One other experience enriched his intellect at that time: he watched the extraordinary performance that culminated in Napoleon’s coronation in 1804 as emperor of the French. Bolívar’s reaction to the coronation wavered between admiration of the accomplishments of a single man and revulsion at Napoleon’s betrayal of the ideals of the French Revolution. The desire for glory was one of the permanent traits in Bolívar’s character, and there can be little doubt that it was stimulated by Napoleon. The example of Napoleon was, nevertheless, a warning that Bolívar heeded. In his later days he always insisted that the title of “liberator” was higher than any other and that he would not exchange it for that of king or emperor. In 1807 he returned to Venezuela by way of the United States, visiting the eastern cities.
The Latin American independence movement was launched a year after Bolívar’s return, as Napoleon’s invasion of Spain unsettled Spanish authority. Napoleon also failed completely in his attempt to gain the support of the Spanish colonies, which claimed the right to nominate their own officials. Following the example of the mother country, they wished to establish juntas to rule in the name of the deposed Spanish king. Many of the Spanish settlers, however, saw in those events an opportunity to sever their ties with Spain. Bolívar himself participated in various conspiratorial meetings, and on April 19, 1810, the Spanish governor was officially deprived of his powers and expelled from Venezuela. A junta took over. To obtain help, Bolívar was sent on a mission to London, where he arrived in July. His assignment was to explain to England the plight of the revolutionary colony, to gain recognition for it, and to obtain arms and support. Although he failed in his official negotiations, his English sojourn was in other respects a fruitful one. It gave him an opportunity to study the institutions of the United Kingdom, which remained for him models of political wisdom and stability. More important, he fostered the cause of the revolution by persuading the exiled Venezuelan Francisco de Miranda, who in 1806 had attempted to liberate his country single-handedly, to return to Caracas and assume command of the independence movement.

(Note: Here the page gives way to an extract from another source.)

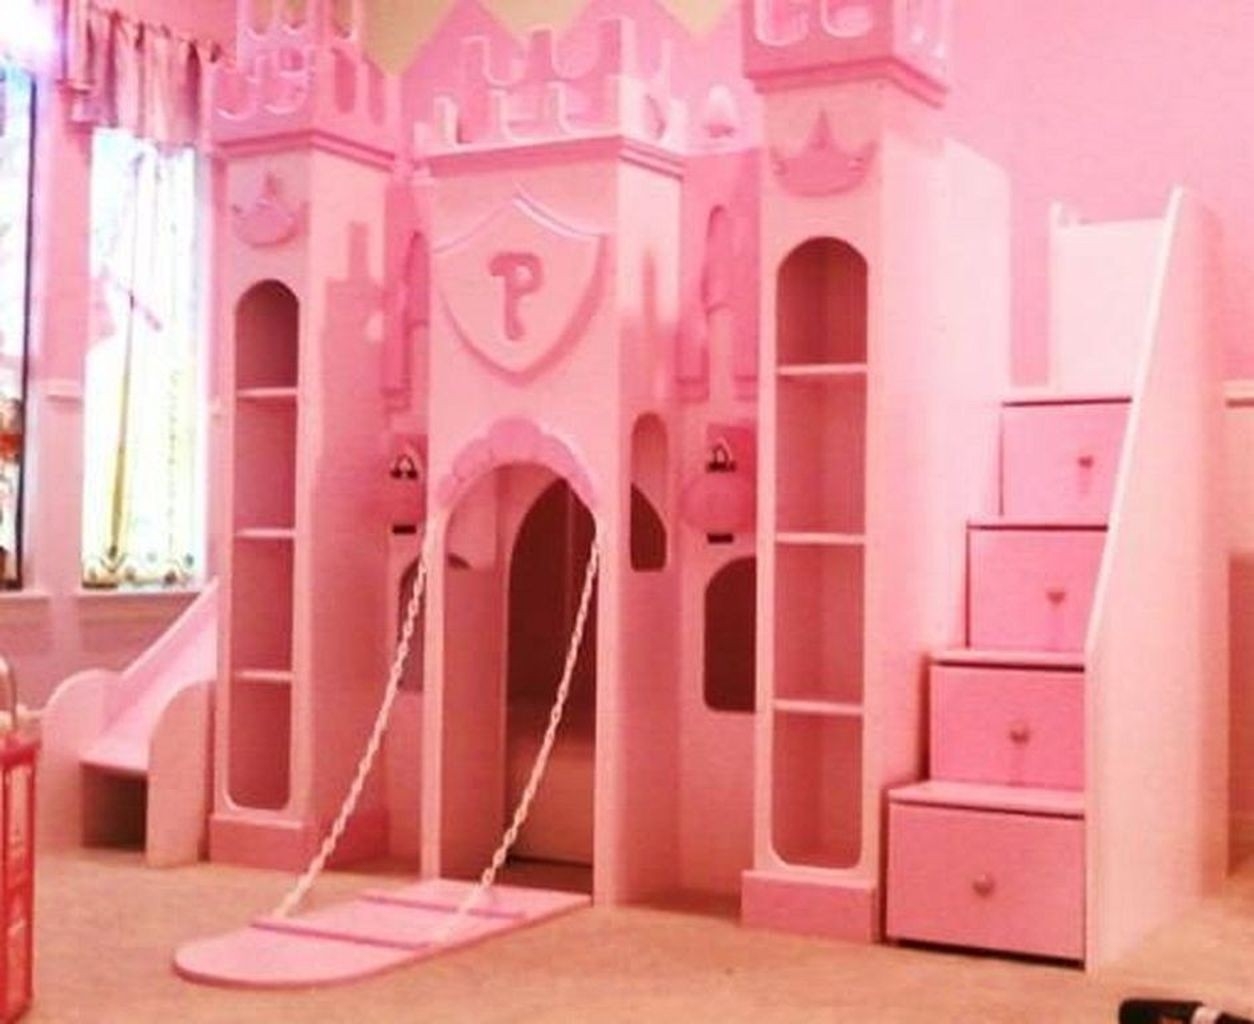 bed for girl princess

Determined to continue the struggle, Bolívar obtained a passport to leave the country and went to Cartagena in New Granada. There he published the first of his great political statements, El manifiesto de Cartagena (“The Cartagena Manifesto”), in which he attributed the fall of Venezuela’s First Republic to the lack of strong government and called for a united revolutionary effort to destroy the power of Spain in the Americas.

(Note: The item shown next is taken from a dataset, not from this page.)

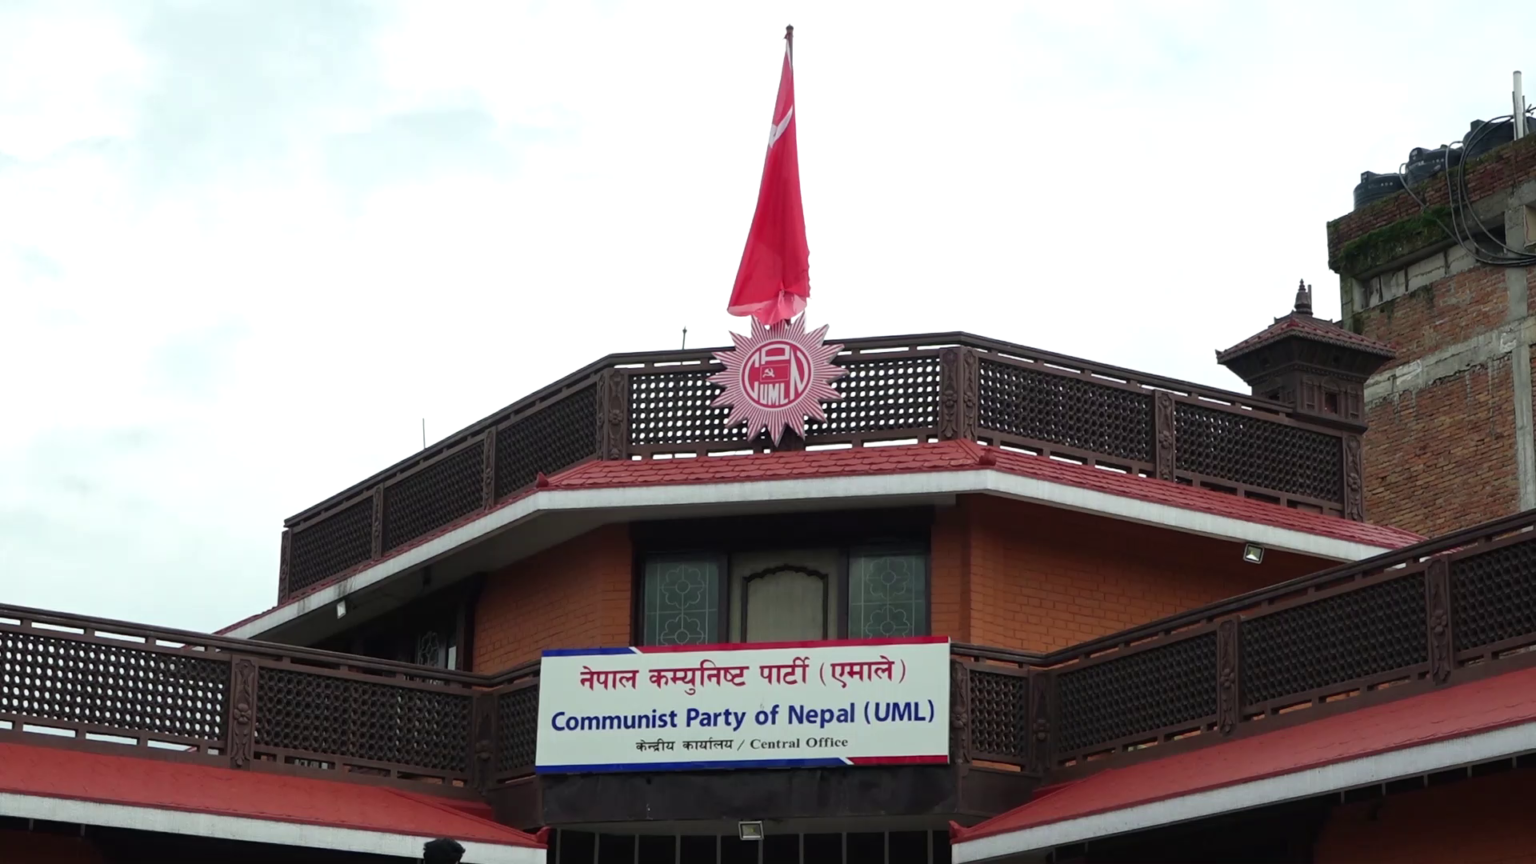 Members registered before mid-April qualify as delegates to UML’s 10th General Convention

With backing from the patriots of New Granada, Bolívar led an expeditionary force to retake Venezuela. In a sweeping hard-fought campaign, he vanquished the royalists in six pitched battles and on August 6, 1813, entered Caracas. He was given the title of Liberator and assumed political dictatorship. The war of independence was just beginning, however. The majority of the people of Venezuela were hostile to the forces of independence and weary of the sacrifices imposed. A cruel civil war broke out, and Bolívar himself resorted to extreme measures, such as the shooting of prisoners. His severity failed in its object. In 1814 Bolívar was once more defeated by the Spanish, who had converted the llaneros (cowboys) led by José Tomás Boves into an undisciplined but savagely effective cavalry that Bolívar was unable to repulse. Boves subjected Creole patriots to terrible atrocities, and his capture of Caracas and other principal cities ended the second Venezuelan republic. Narrowly escaping Miranda’s fate, Bolívar fled to New Granada, where he was commissioned in Cartagena to oust a separatist faction from Bogotá (now in Colombia) and succeeded in doing so. He then laid siege to Cartagena but failed to unite the revolutionary forces and fled to Jamaica.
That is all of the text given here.